Dataset content:
◆ ◆ ◆ ◆

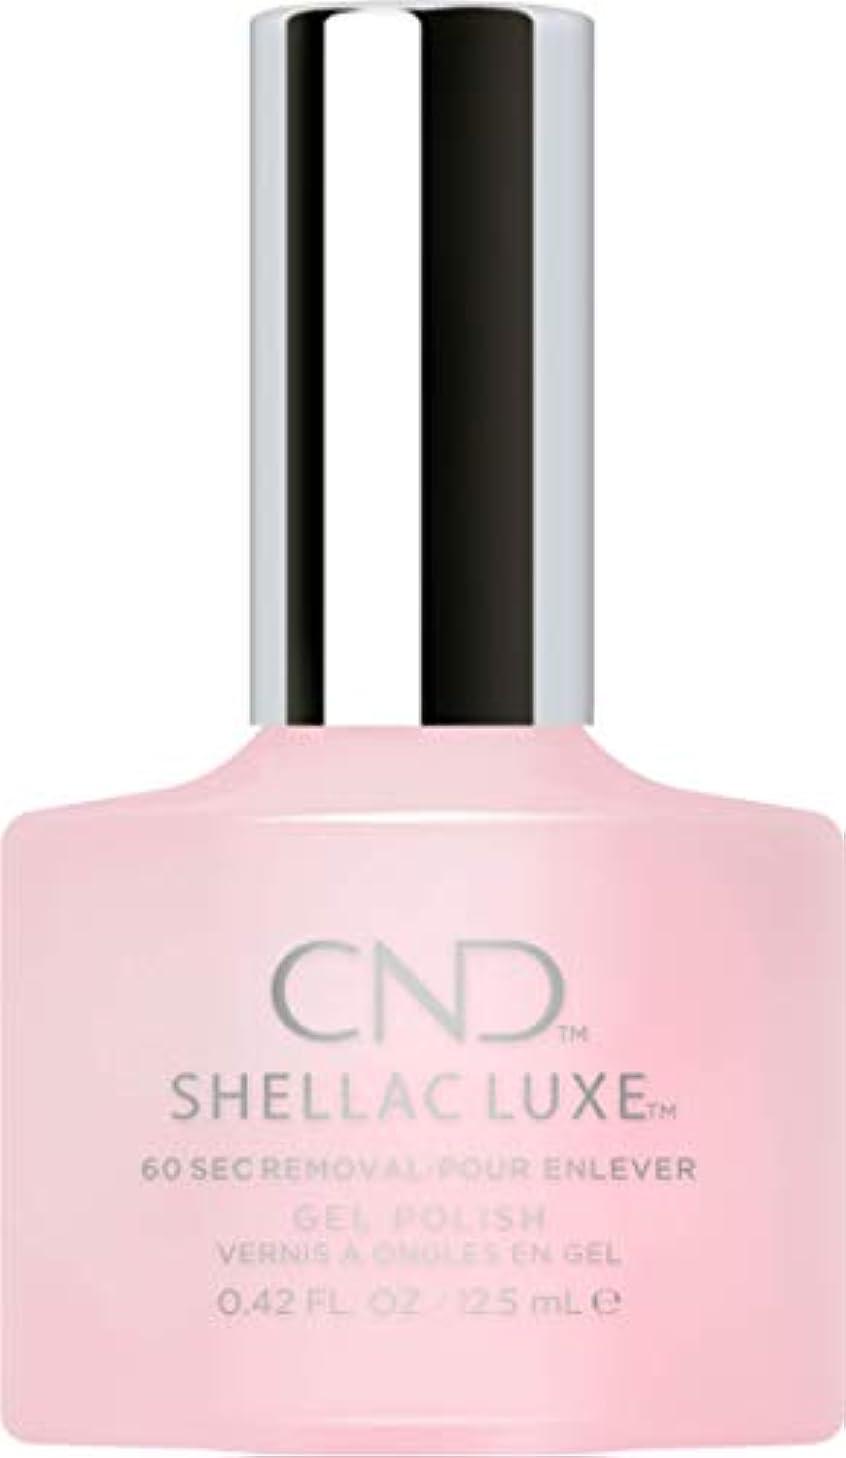 断線ベアリング私たち自身CND Shellac Luxe - Beau - 12.5 ml / 0.42 oz
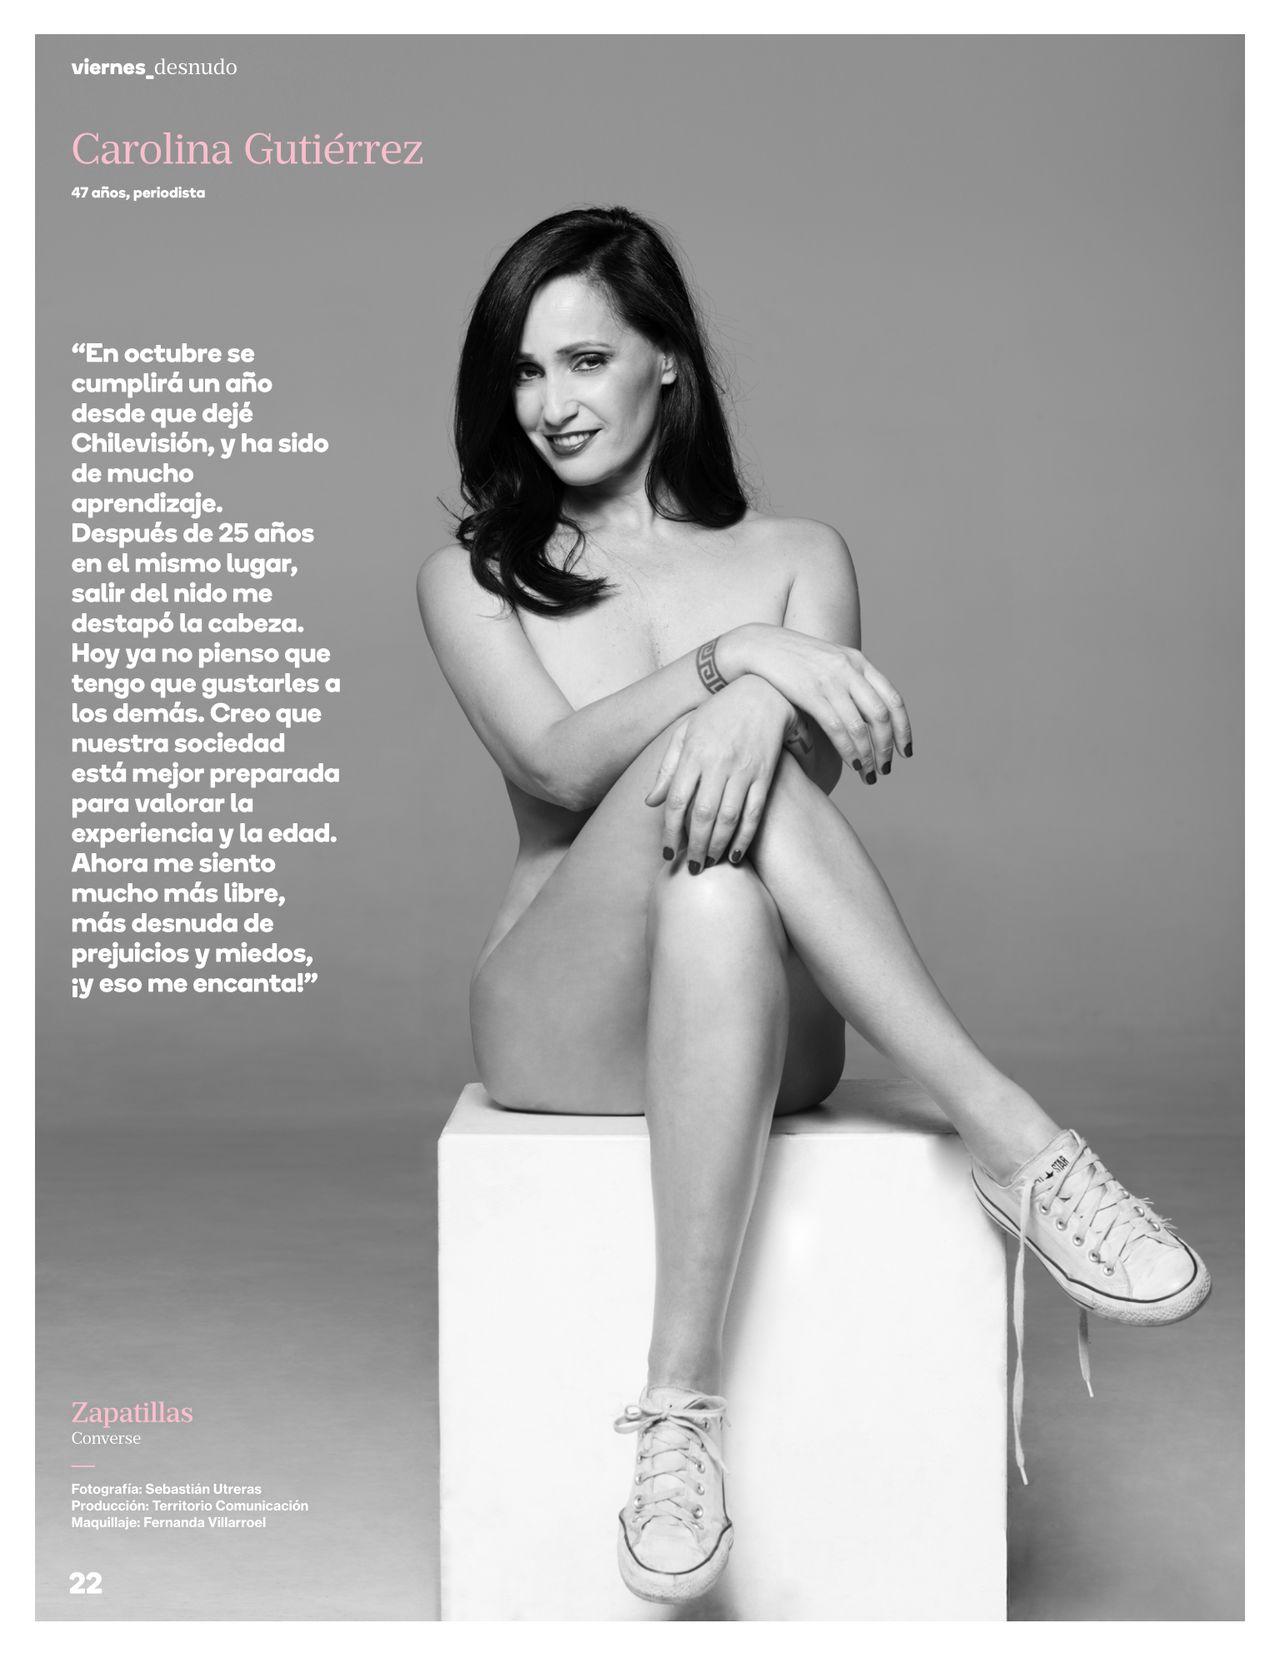 Conocida Periodista Se Atrevió A Posar Desnuda Para Una Revista Fmdos
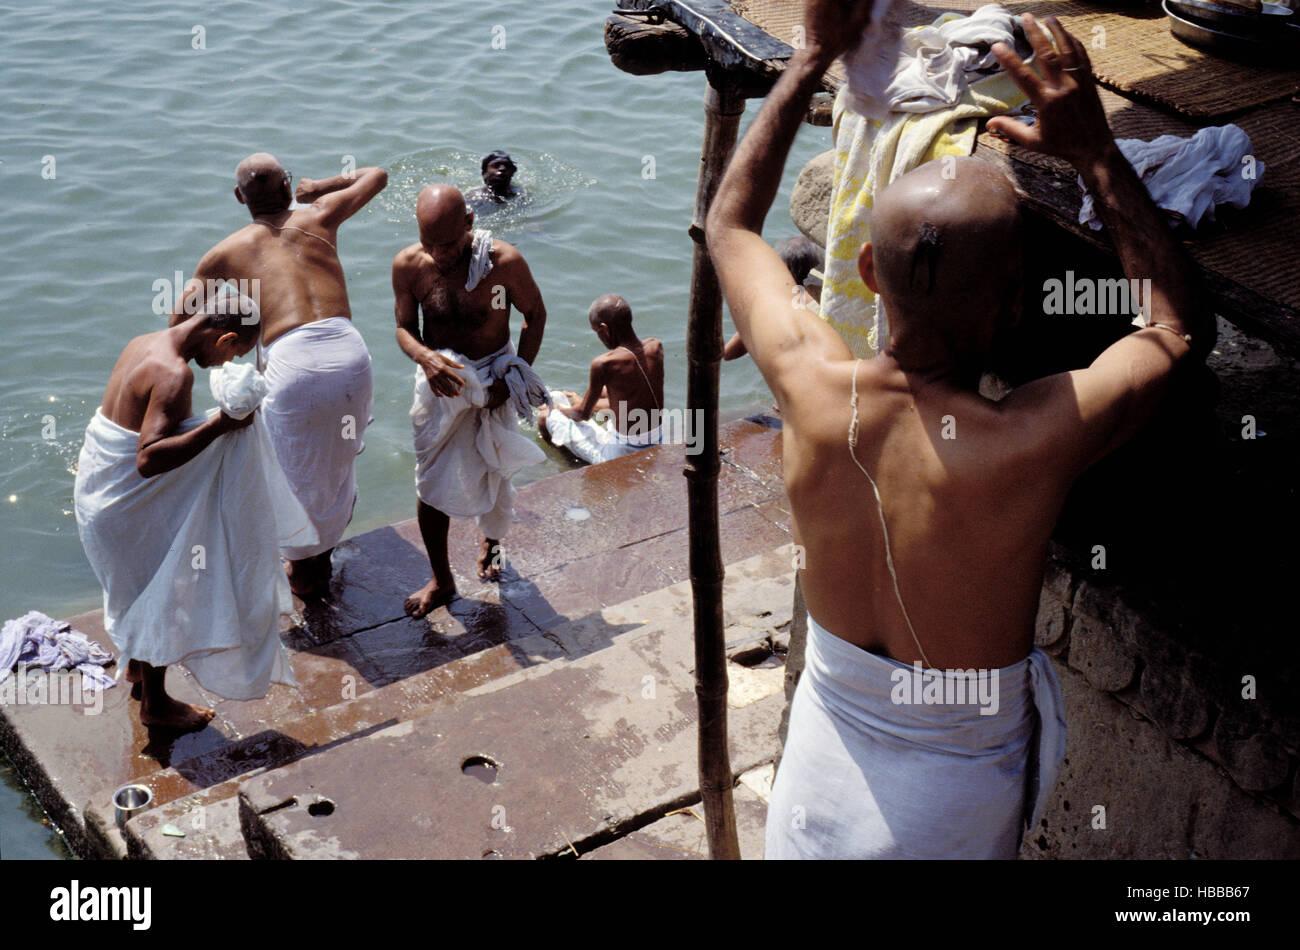 Inde. L'Uttar Pradesh. Ville sainte de Bénares (Varanasi). Bain rituel dans les eaux du Gange sur les gath. // L'Inde. Banque D'Images

◆ ◆ ◆ ◆

Task item: Where the data contains an image, skip the image and copy everything else exactly as it appears.

Reply to the task:
 断線ベアリング私たち自身CND Shellac Luxe - Beau - 12.5 ml / 0.42 oz
 Conocida Periodista Se Atrevió A Posar Desnuda Para Una Revista Fmdos
 Inde. L'Uttar Pradesh. Ville sainte de Bénares (Varanasi). Bain rituel dans les eaux du Gange sur les gath. // L'Inde. Banque D'Images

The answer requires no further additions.